21. In contra-distinction, “subsidy” has been explained in the Concise Oxford English Dictionary, Indian Edition, as a sum of money granted from public funds to help an industry or business keep the price of a commodity or service low; a sum of money granted to support an undertaking held to be in the public interest i.e., a grant or contribution of money. As per Black’s Law Dictionary, Eight Edition, “subsidy” has been defined as a grant usually made by the Government to any enterprise whose promotion is considered to be in the public interest; although Governments sometimes make direct payments (such as cash grants), subsidies are usually indirect. A subsidy granted for production or bringing into existence any new asset of the assessee would be construed to be a capital receipt whereas a subsidy granted for the purpose of assisting the assessee to carry on its already existing business would be in the nature of revenue receipt and thus taxable. Therefore, when a subsidy is given, the character thereof in the hands of the recipient - whether revenue or capital – would have to be determined having regard to the purpose for which it is given. In Sahney Steel and Press Works Ltd. (supra), Supreme Court held that subsidy provided by the Andhra Pradesh Government was basically an endeavour of the state to extend a helping hand to the newly set up industries to enable them to be viable and competitive.

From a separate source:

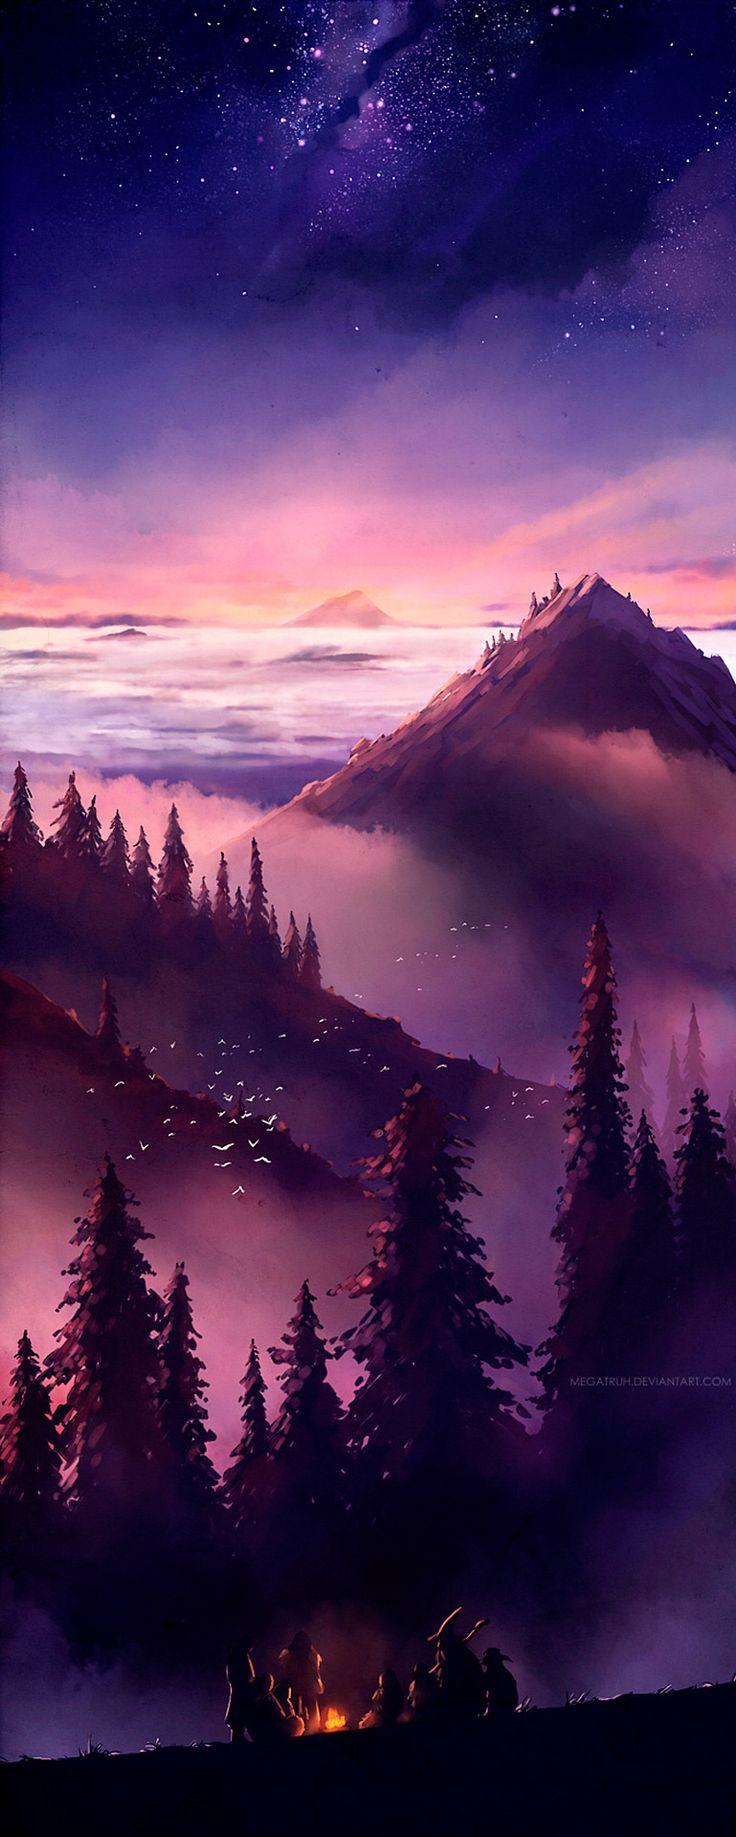 The Art Of Animation, Megatruh

22. Thus, from a careful analysis, it is evident that there is a fundamental difference between “loan” and “subsidy” and the two concepts cannot be equated. While “loan” is a borrowing of money required to the repaid back with interest; “subsidy” is not required to be repaid back being a grant. Such grant is given as part of a public policy by the state in furtherance of public interest. Therefore, even if a “loan” is written off or waived, which can be for various reasons, it cannot partake the character of a “subsidy”.

23. From the discussions and reasons aforementioned, we find sufficient force in the contention of the appellant. The substantial question of law therefore is answered in favour of the assessee by holding that waiver of loan cannot be brought to tax under Section 28(iv) of the Act.

24. Appeal is accordingly allowed but there shall be no order as to cost.